__PROBLEM TO SOLVE__
Please transcribe the data that follows without the pictures, keeping every word the same.

── SUPPLIED INFORMATION

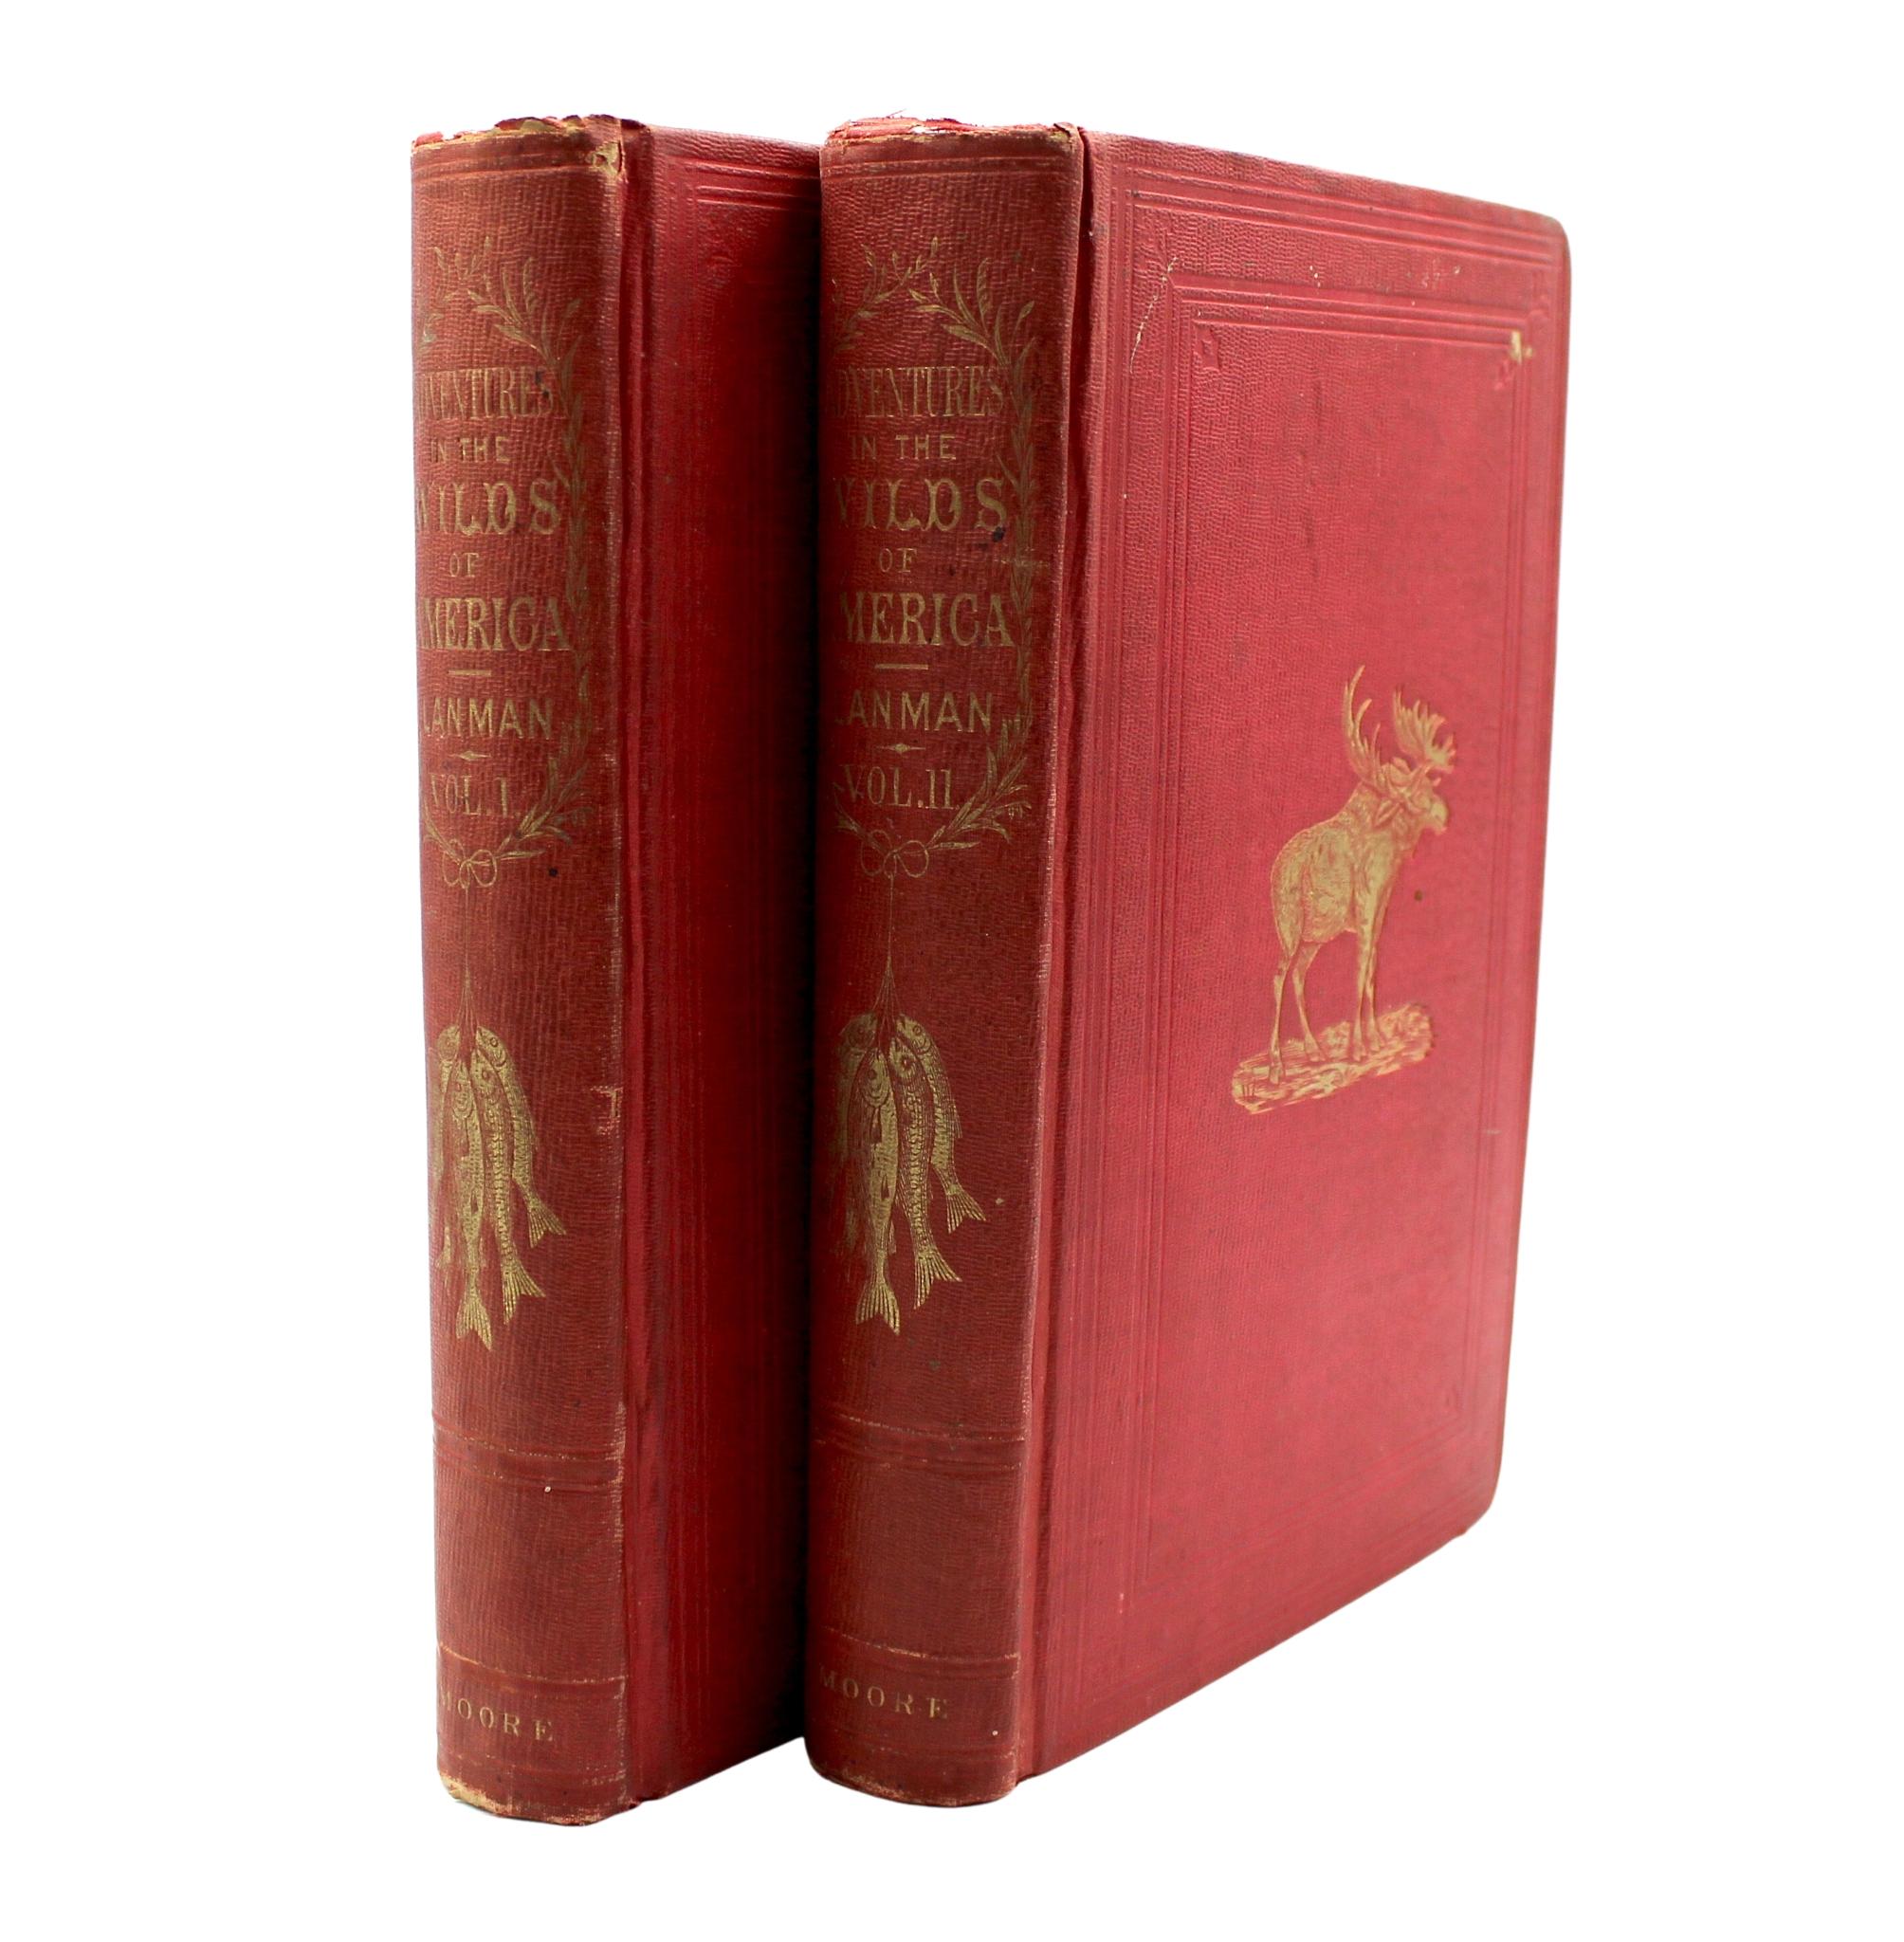 Adventures in the Wilds of the United States, by Charles Lanman, 1856 4
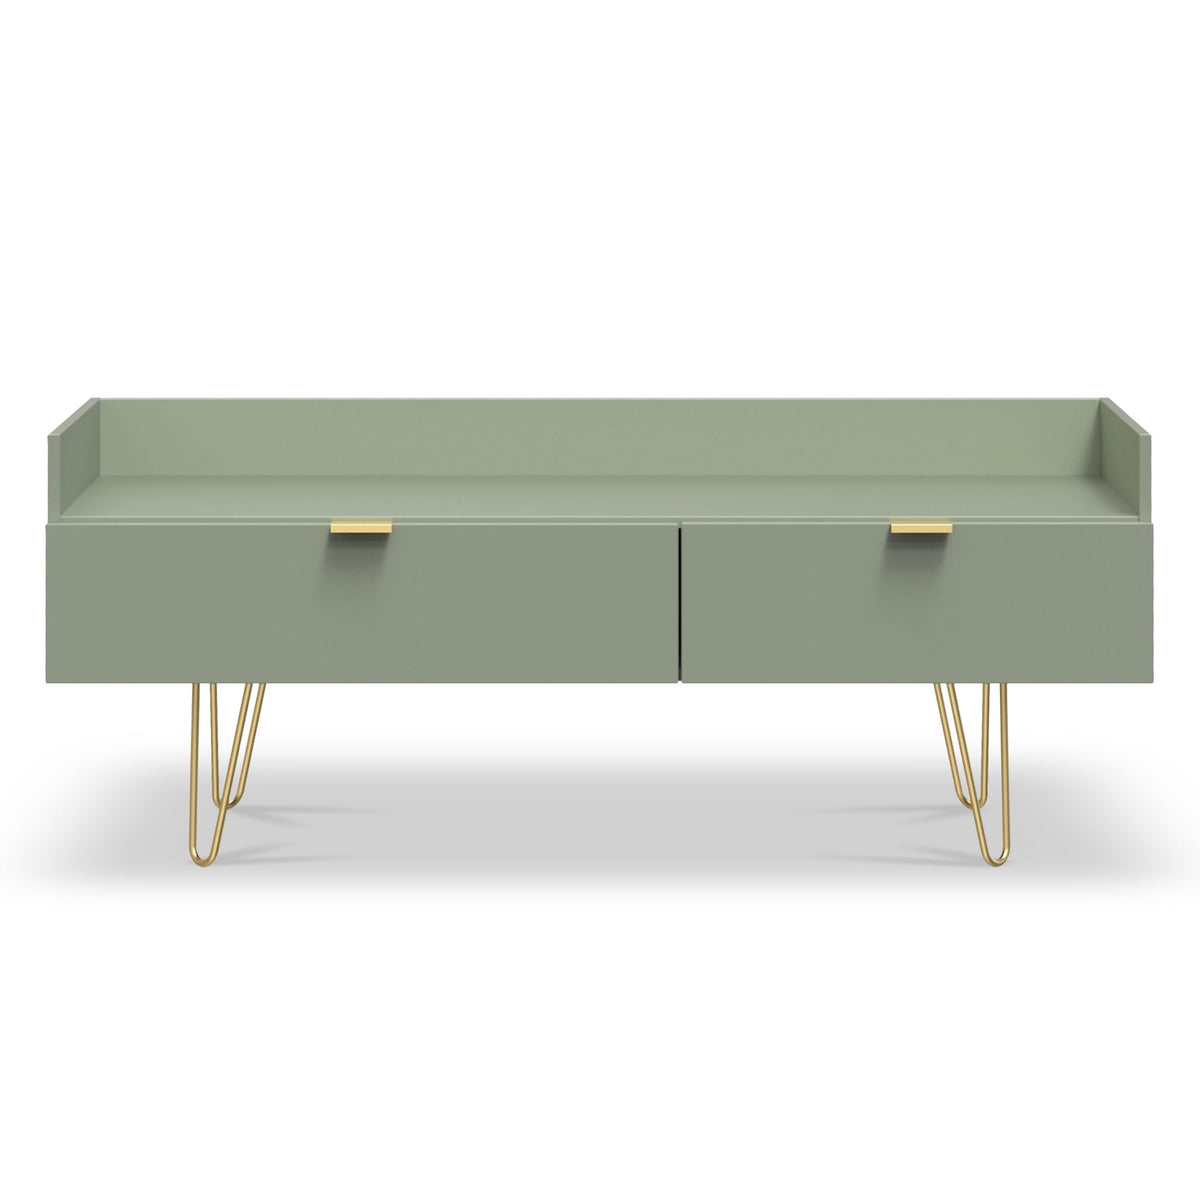 Moreno Olive Green 2 Drawer Media Console Unit with gold hairpin legs from Roseland Furniture
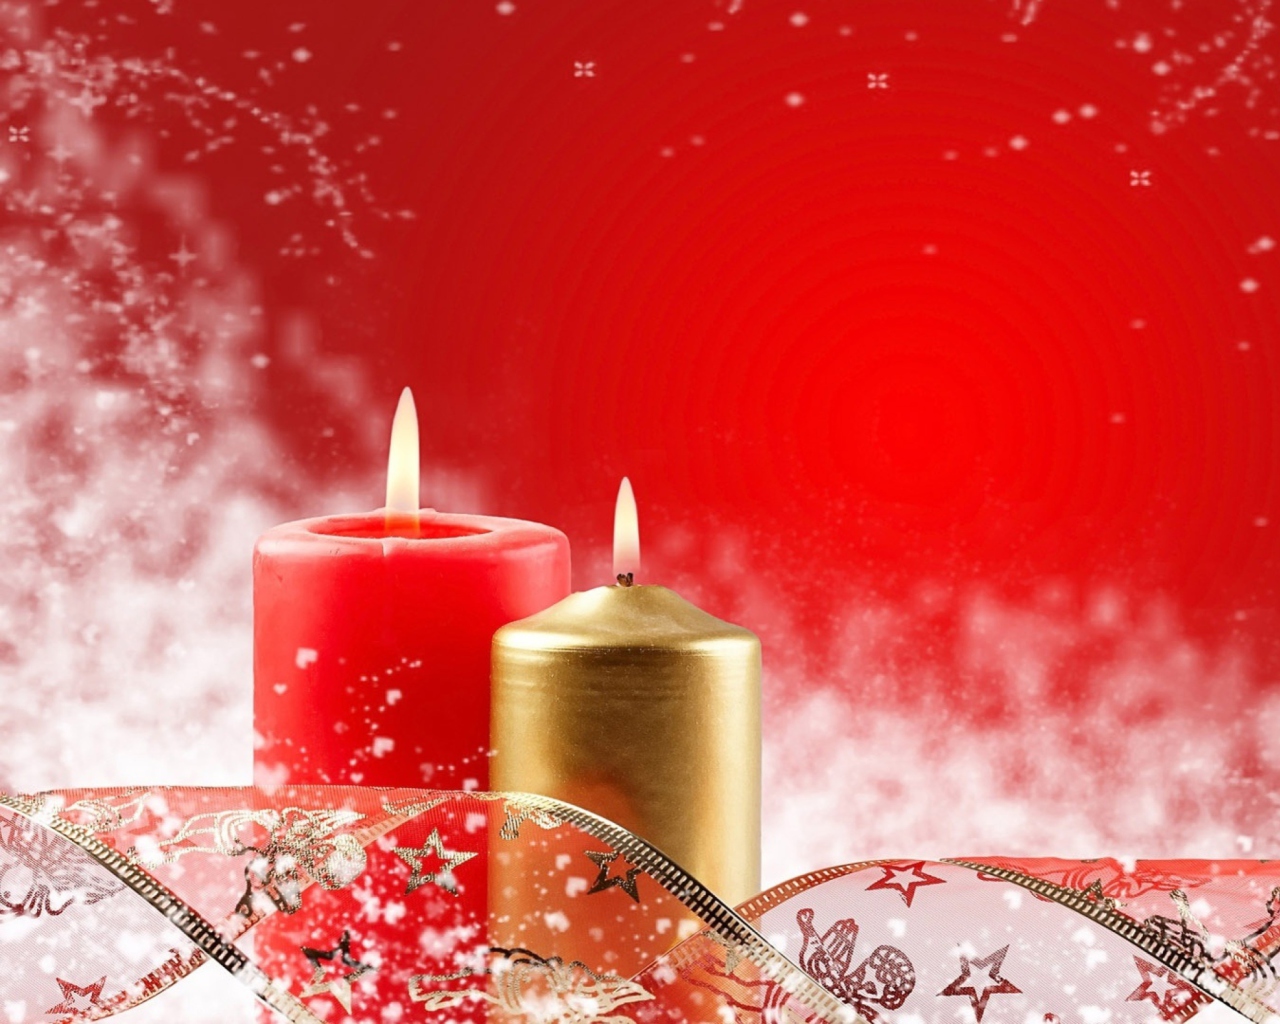 Two Christmas Candles wallpaper 1280x1024

────

__YOUR RESPONSE__
 Adventures in the Wilds of the United States, by Charles Lanman, 1856 4
 Moreno Olive Green 2 Drawer Media Console Unit with gold hairpin legs from Roseland Furniture
 Two Christmas Candles wallpaper 1280x1024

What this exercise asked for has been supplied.